Press Review

"Health insurance companies buy healthy clients," reads a headline on the editorial page of today's LIDOVE NOVINY. The paper writes that young, healthy and rich people seem to have received the most attention from Czech health insurance companies looking for new clients. Allegedly, the companies pay up to 500 crowns to representatives for obtaining a new client, but the main condition is that the client must be well off and, above all, healthy. In other words, there's no interest shown in retired people or those suffering from a chronic disease. The bonuses paid to the companies' representatives differ according to who the new client is. But this concerns mainly smaller health insurance companies, writes the paper. The largest one in the Czech Republic, the General Health Insurance Company, or VZP, has to accept all people who show an interest, otherwise it would be breaking the law. The result is that young people leave, while those who need costly care remain with VZP. This, on the other hand, is detrimental to hospitals, because the company cannot afford to increase the salaries of hospital doctors, writes LIDOVE NOVINY.

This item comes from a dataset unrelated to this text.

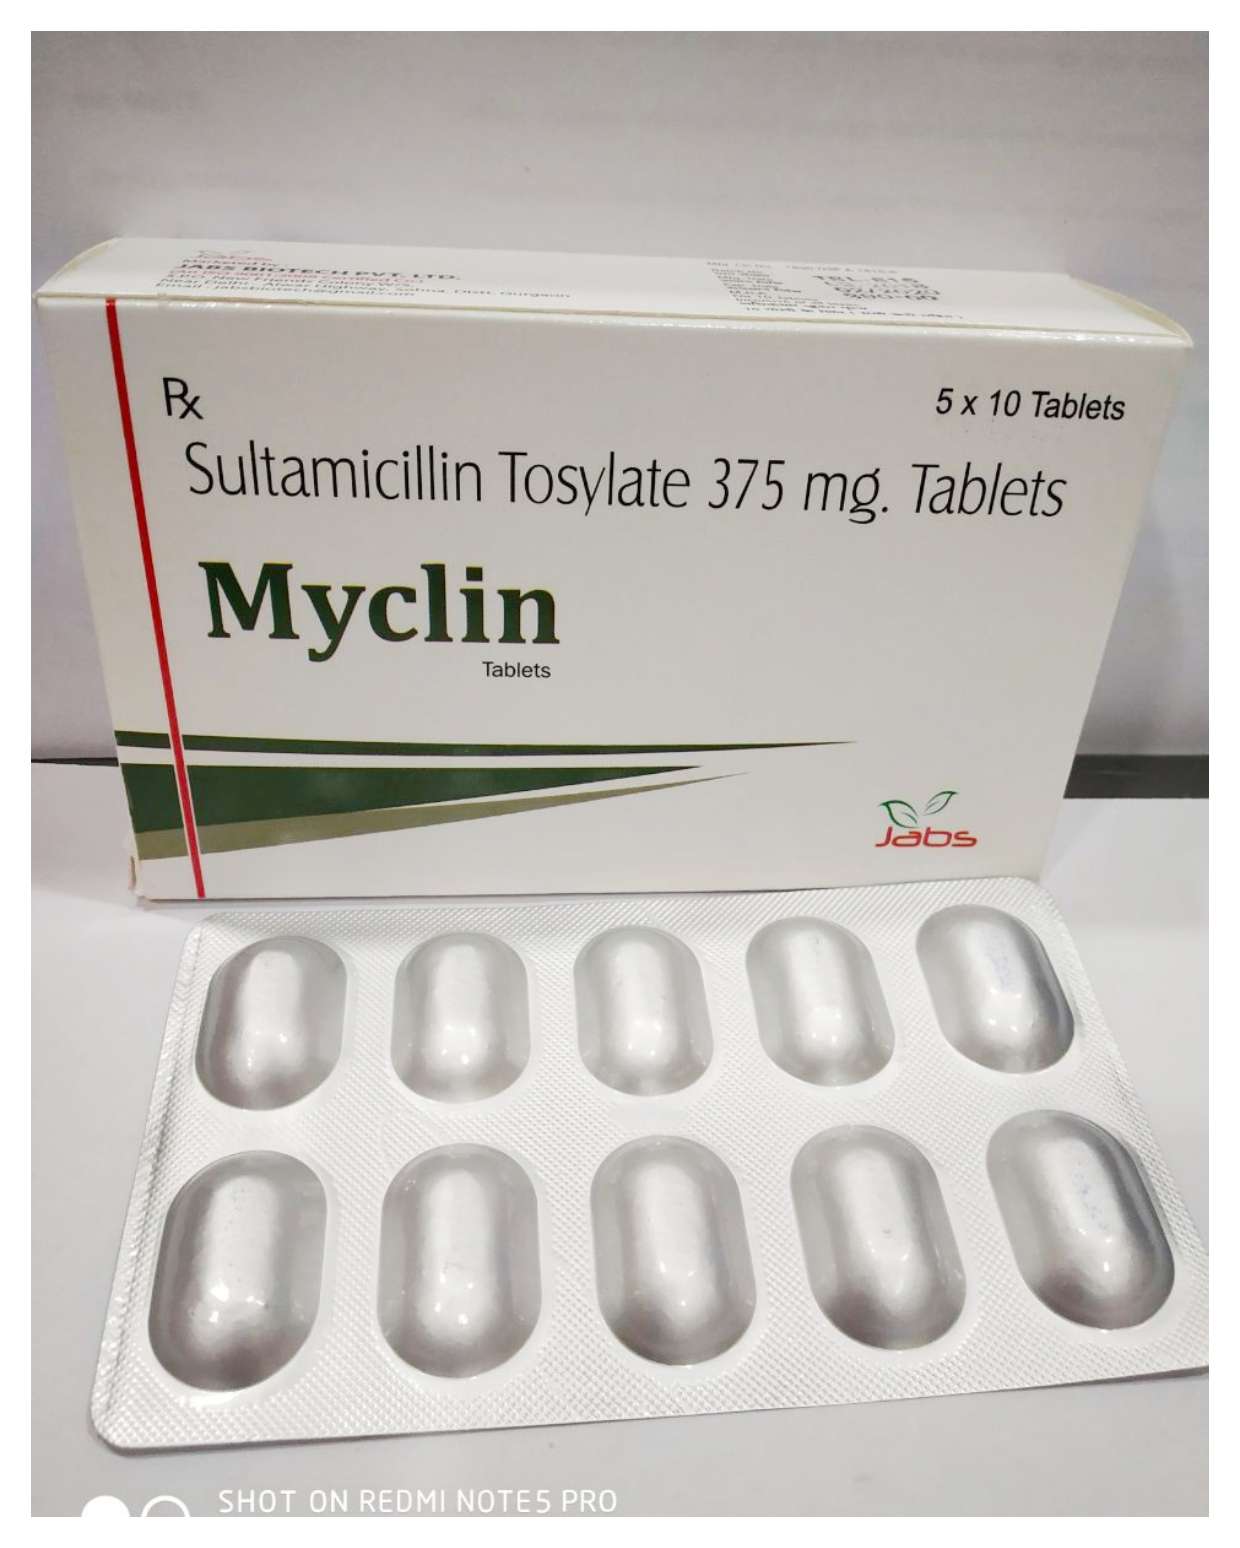 sultamicillin tosylate-375mg.

MLADA FRONTA DNES reports that Czech children seem to be overdosed with antibiotics. Every year they swallow far more antibiotic pills than they need to. Even doctors admit this fact. It often happens that a child with only a slight fever gets a prescription for antibiotics, which cannot actually kill off the virus. Although no precise figures are available, last year alone Czech citizens, including children, took more than 2 and a half billion Czech crowns worth of antibiotics. Antibiotics top the pill charts in the Czech Republic, followed by medications that reduce cholesterol and female hormones, while experts warn that if antibiotics are used too often, they become ineffective, and can even be harmful if used for a longer period of time. But the situation is improving, one pediatrician told the paper. Parents are becoming more aware of all the risks and they ask for standard medication more frequently nowadays, reports MLADA FRONTA DNES.

According to PRAVO, the Czech-Moravian Trade Union Confederation is demanding higher wages for public sector employees in order to compensate for energy and gas price increases expected next year. The confederation's deputy chairman, Milan Stech, told the paper that if wages are not increased, his organization will head all protests that might occur as a result. Mr. Stech said that increased energy and gas prices are understandable, due to the strong dollar, the currency used to buy these commodities, but that the impact on poorer households shouldn't be too harsh, reports PRAVO.

And finally, CESKE SLOVO says on its front page that deadly bone meal, which is directly linked to BSE, or mad cow disease, is available on the Czech market and every farmer can buy it. Agriculture Minister Jan Fencl, however, claims that the opposite is true and that the meal has not been on sale here for more than ten years now. But an employee at one of Prague's abattoirs confirmed to the paper that they do sell bone meal, but always with the warning that it should not be used as fodder for cattle.